The Dreaded CIS (Case Information Statement)

Child Custody and Support, Family Law

When you are bringing a matter before the family court, you are usually required to fill out an intrusive, large pile of paperwork called a Case Information Statement (CIS). This is the thing that stalls most of our clients the most in the process of obtaining a divorce, modifying child support, or bringing other financially related matters before the court. New Jersey Court Rule 5:5-2(a) requires the filing of a CIS in “all contested family actions, except summary actions” where there exists any issue as to custody, support, alimony or equitable distribution.

The CIS has four basic parts:

(1) Background. Who you are, who the other side is, what children (if any) are involved, what job you have and other such information.

(2) Information about your income.   How much you make, how much you paid in taxes and other distributions.

(3) Information about your expenses. How much you spend on a mortgage or rent, lawn care, food…all the things you spend.

(4) Assets and liabilities. What do you own and who do you owe?

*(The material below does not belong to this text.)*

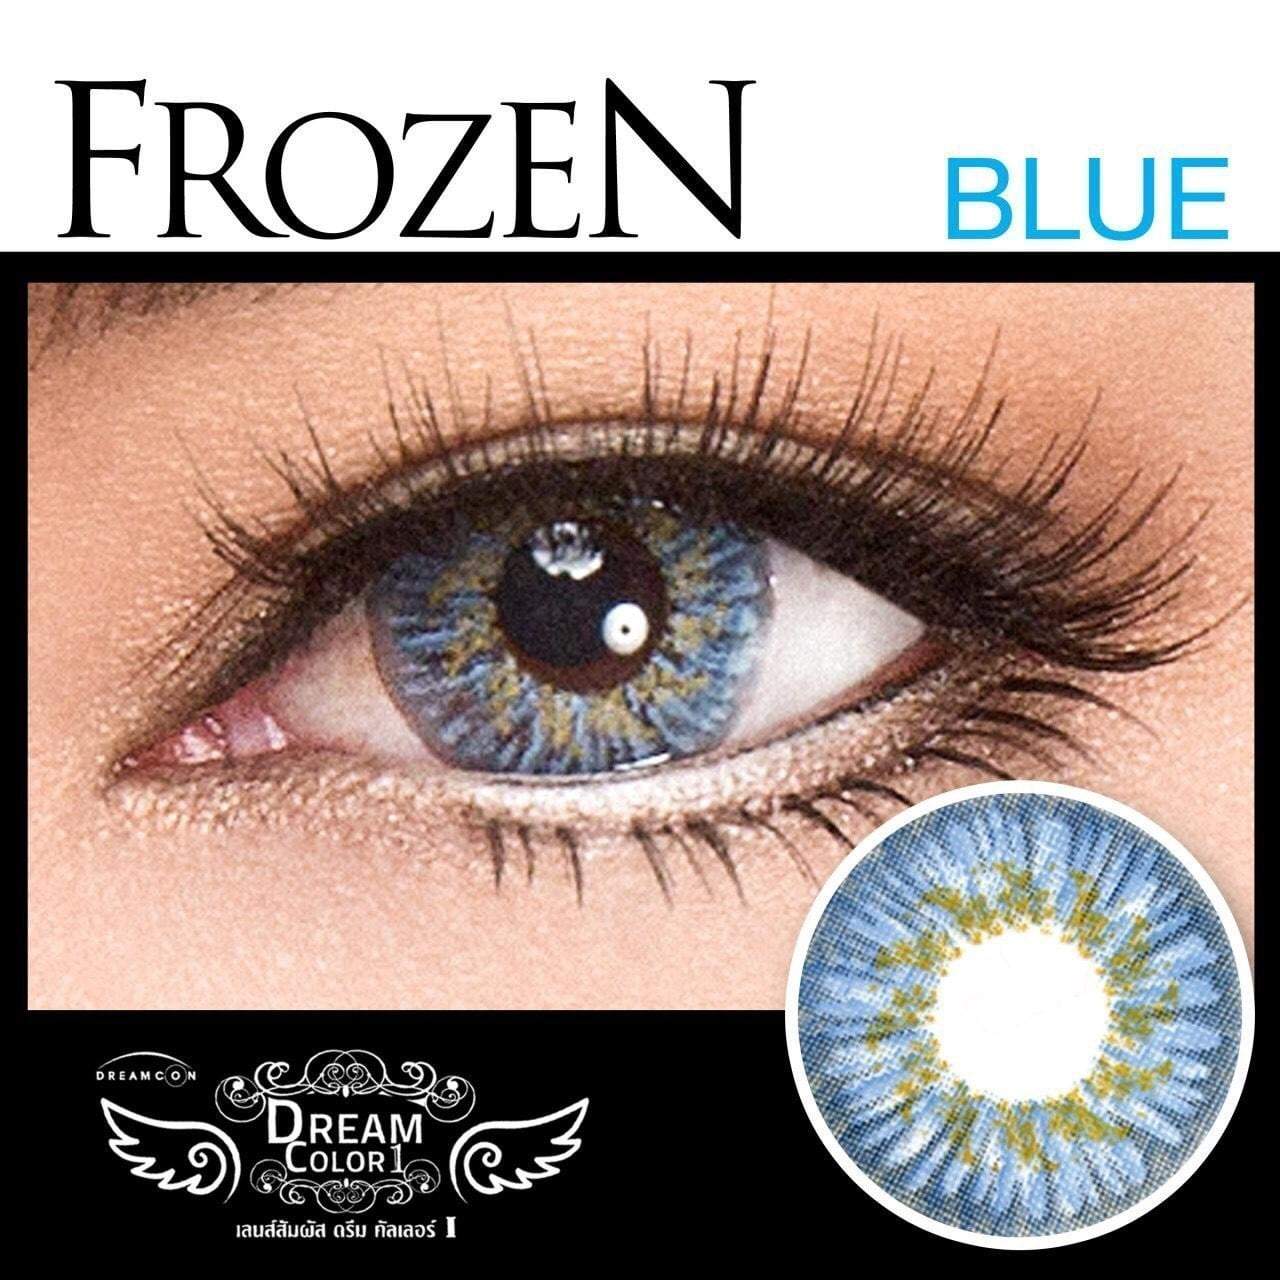 COLORED CONTACTS DREAM COLOR FROZEN BLUE - Lens Beauty Queen

It sounds simple enough, but gathering the information to really take a clear look at our financial picture can be difficult and seem overwhelming. The importance of completing the document to the best of your ability and as speedily as possible cannot be underestimated, however.  This is the document that gives the judge the opportunity to see what relief she ought to grant you.  This is also testimony before the court, and you have to sign it. There may be legal consequences for lying, though an occasional mistake in preparing the document can be corrected with the court.  Also, if you don’t get this paper in to the court…they can dismiss your matter or can impute you income you don’t have if you are defending yourself in an action.

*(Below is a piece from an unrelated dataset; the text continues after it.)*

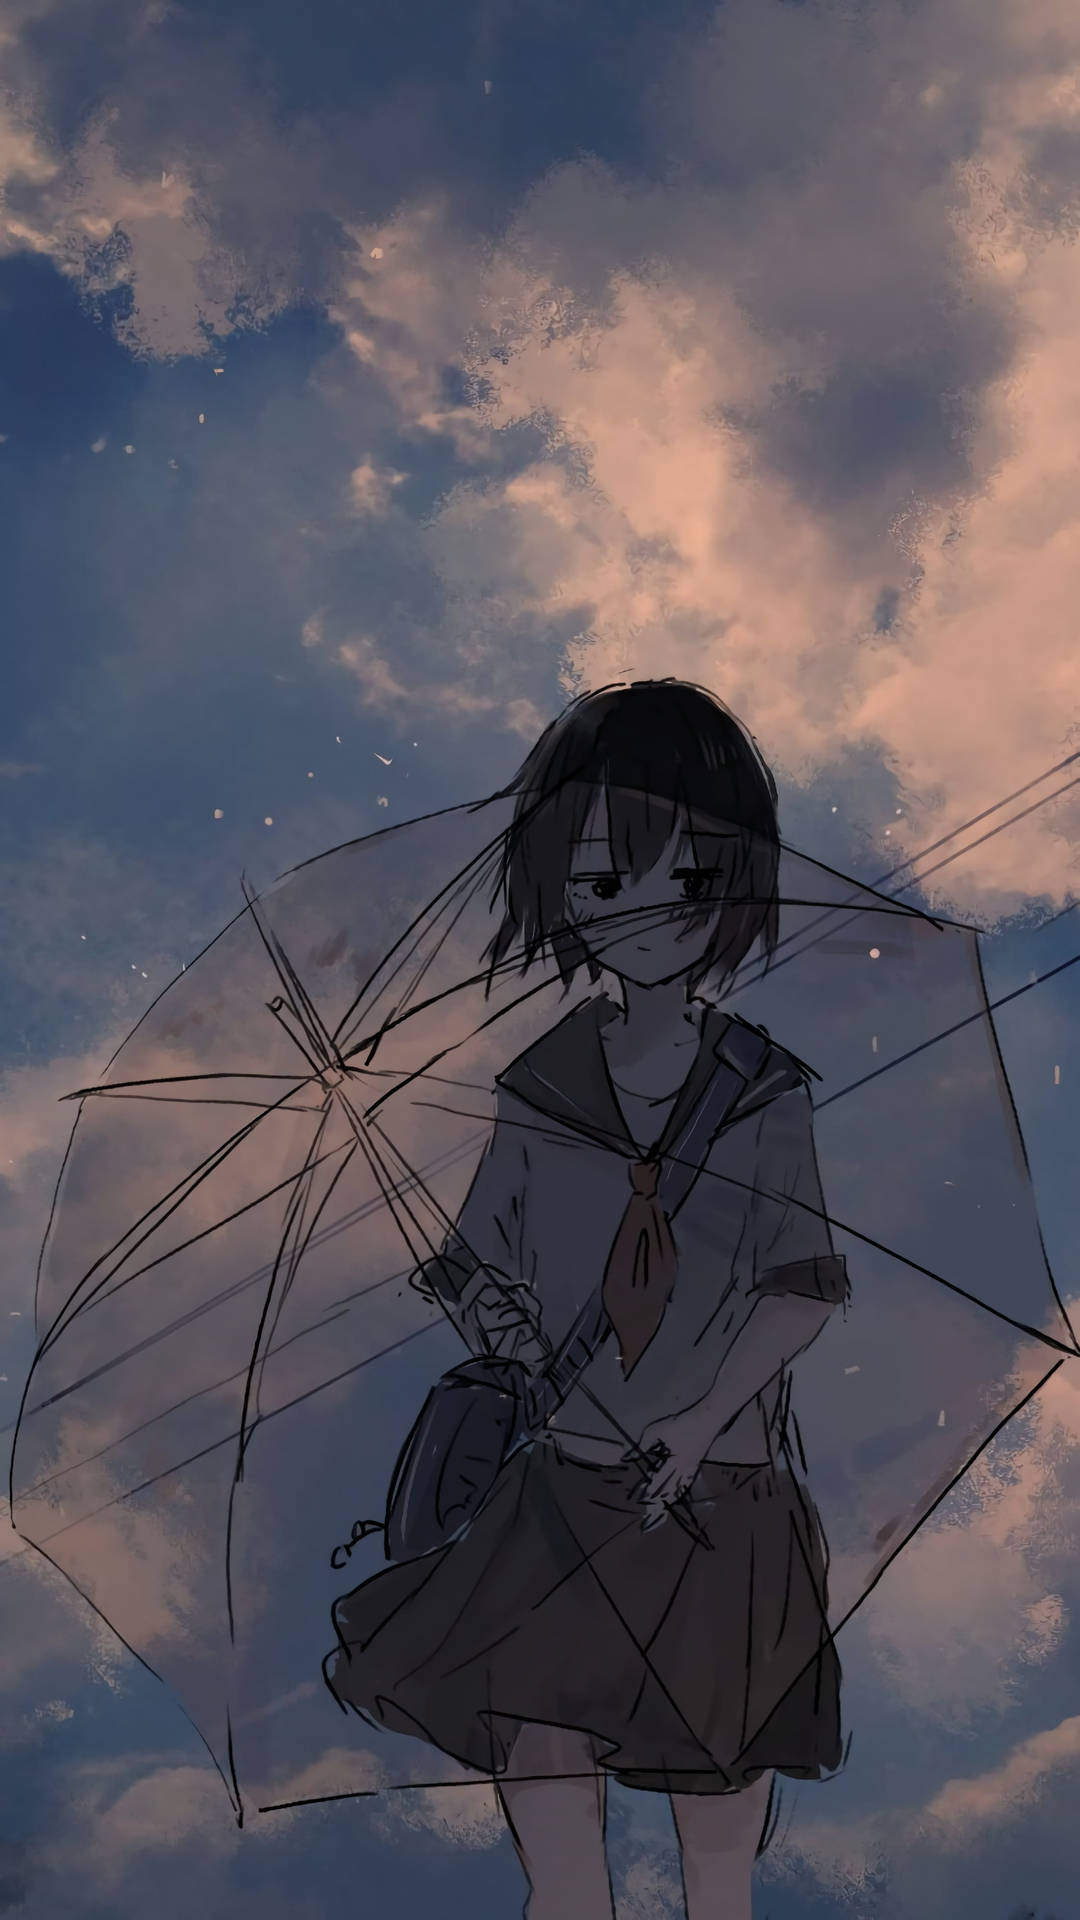 Download Sad Aesthetic Anime Girl With Umbrella Wallpaper

At our office, there are a number of assists available in preparing the CIS.  First, we can connect you with an accountant who can assist you with completing the document, but like any expert you will pay her fees in addition to ours.  Secondly, we can have a lawyer or member of our staff sit down with you and go through the document and help you pull together your responses based on the paperwork we will ask you to bring to your appointment.  Finally, you can complete the document alone to save money, but your lawyer will always review it and ask questions if anything seems amiss.

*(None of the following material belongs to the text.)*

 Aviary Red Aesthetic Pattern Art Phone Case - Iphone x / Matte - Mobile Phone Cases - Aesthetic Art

There is no reason to panic, but every reason to give careful consideration to this important document.

A few pieces of advice:

– Review your bank statements for the last few months to help you put together both income sources and expenses.

– If you are missing tax returns, you can contact the IRS to get them though this takes some time. If you used an accountant, check to see if they have a copy.

– Be careful not to under-report your expenses, but if your expenses are exceeding your income significantly, be prepared to explain how that is possible.

– Don’t worry if you don’t know information about the other side or about joint expenses. Some parts of the form may either not apply to you, or simply not knowing is a good enough answer. If you are unsure, call your attorney.

– Above all, complete the document as soon as possible and as completely as possible. It could be the key to your future.